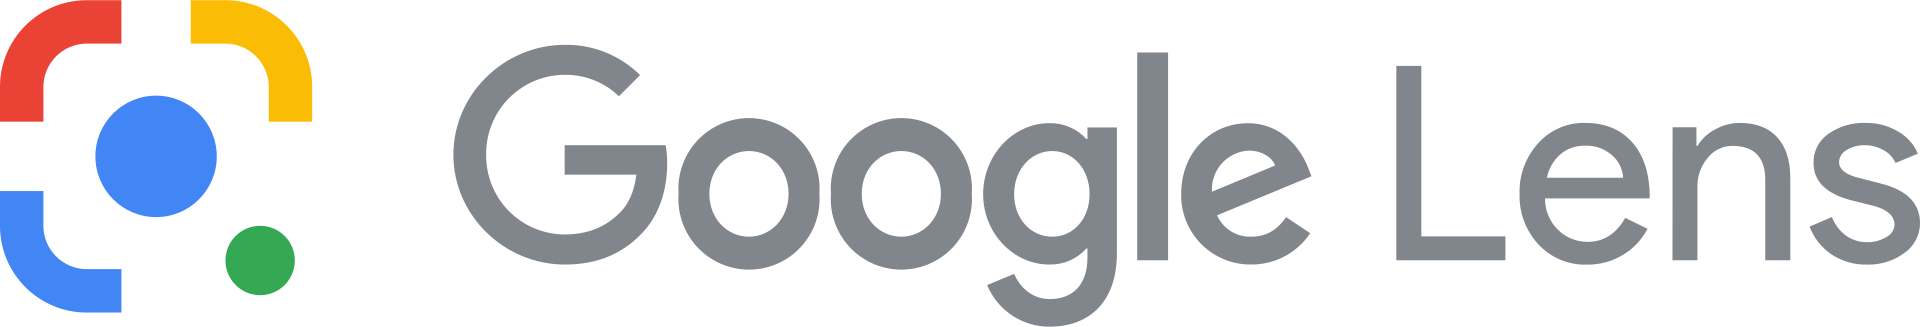 Imagen del Logo de la herramienta Google Lens, que utiliza la Inteligencia Artificial para reconocer imágenes e interpretarlas.
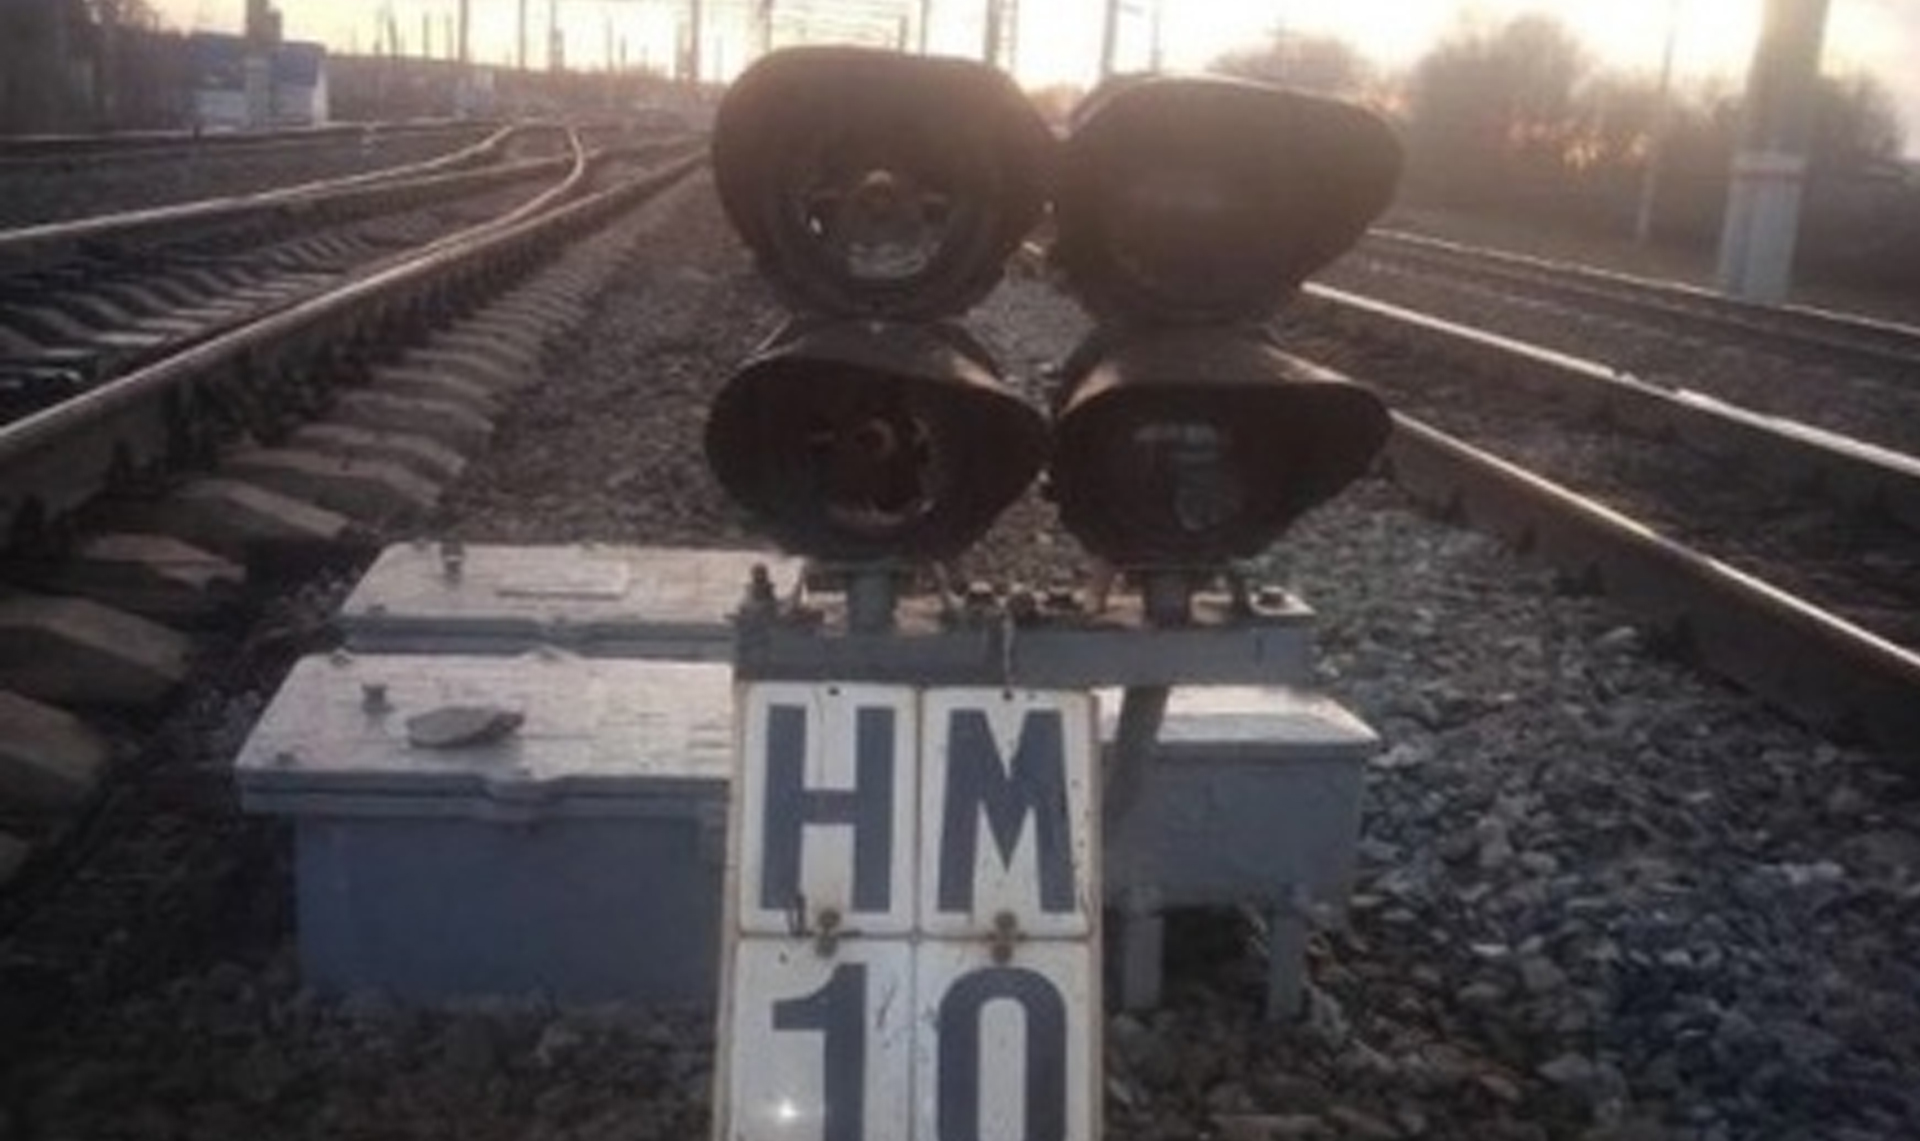 Дети разбили линзы на сигнальных светофорах вблизи железной дороги на станции Полетаево
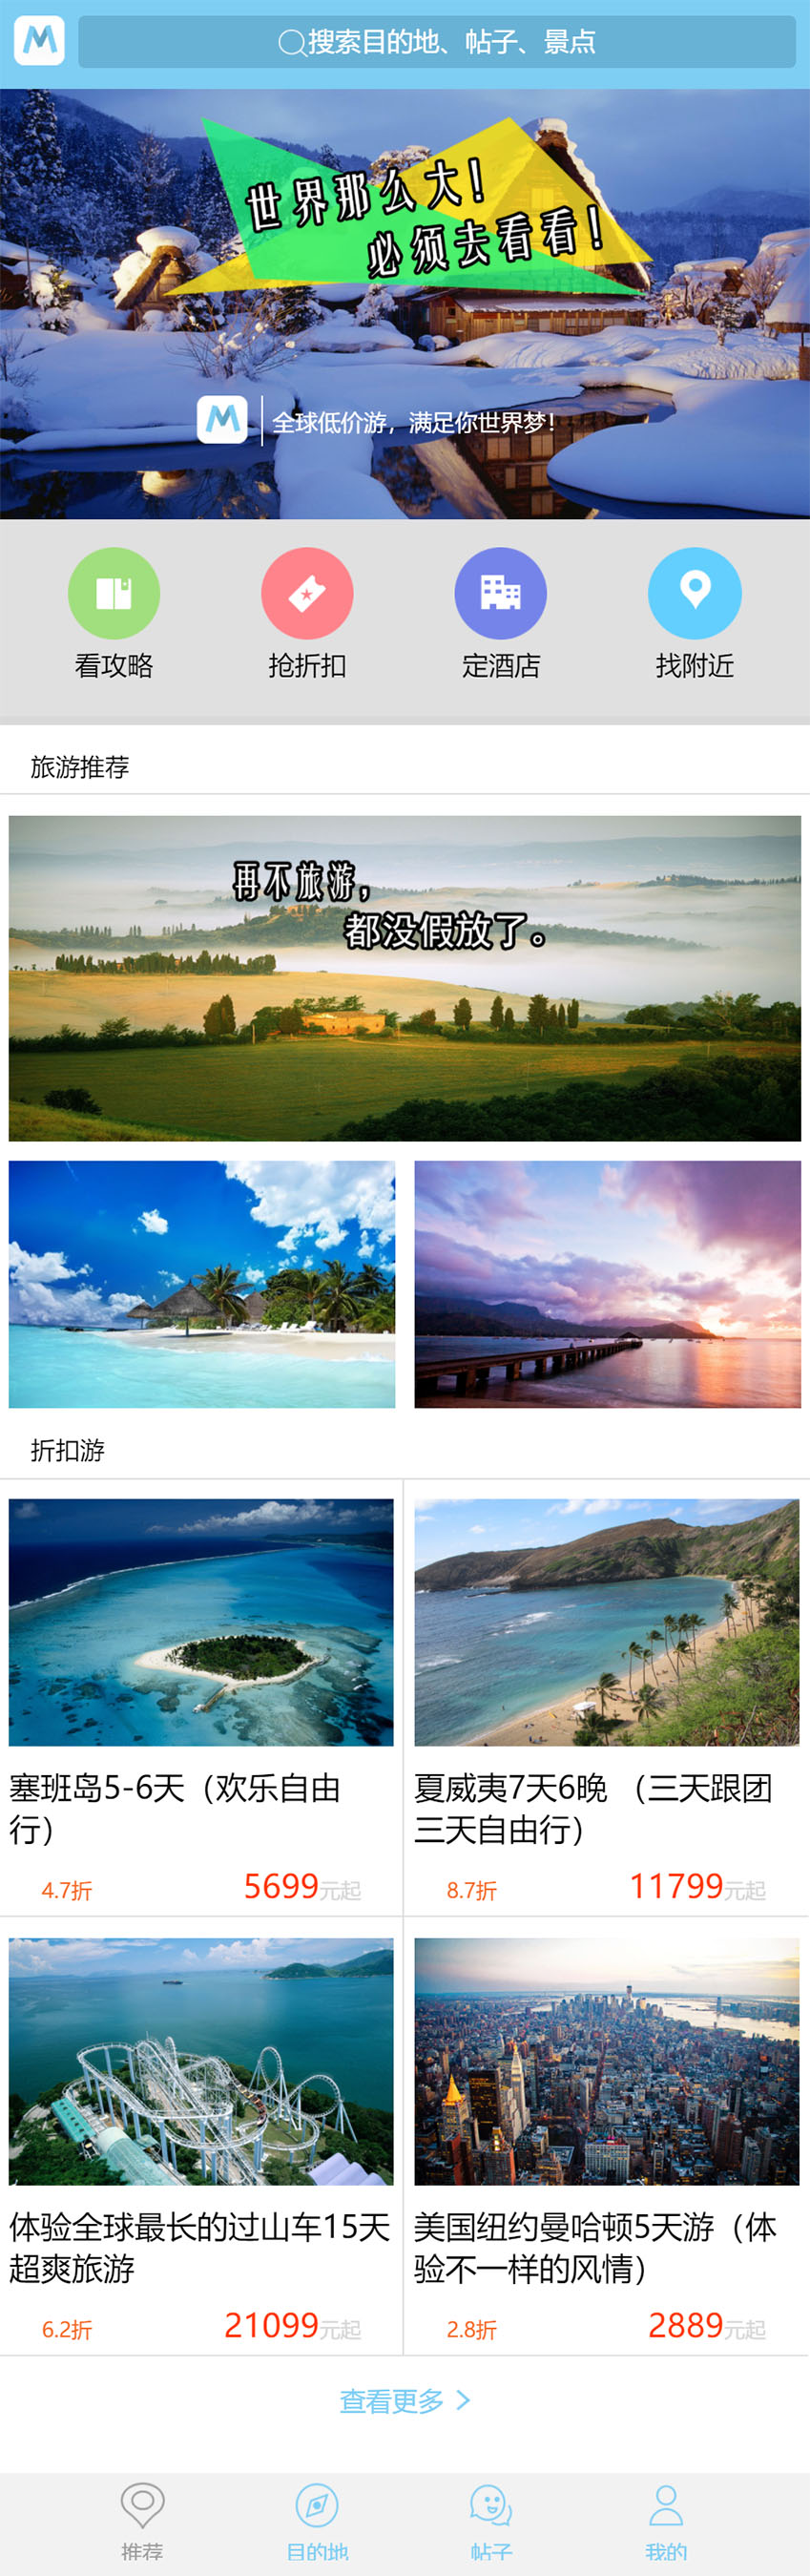 免费旅游行业门户网站手机网站html模板

☆ ☆ ☆

→ Problem:
The reply should consist only of the lines running from the one with "Дети разбили линзы" through the end of the material, both included, copied exactly; please omit pictures.

→ Answer space:
 Дети разбили линзы на сигнальных светофорах вблизи железной дороги на станции Полетаево
 免费旅游行业门户网站手机网站html模板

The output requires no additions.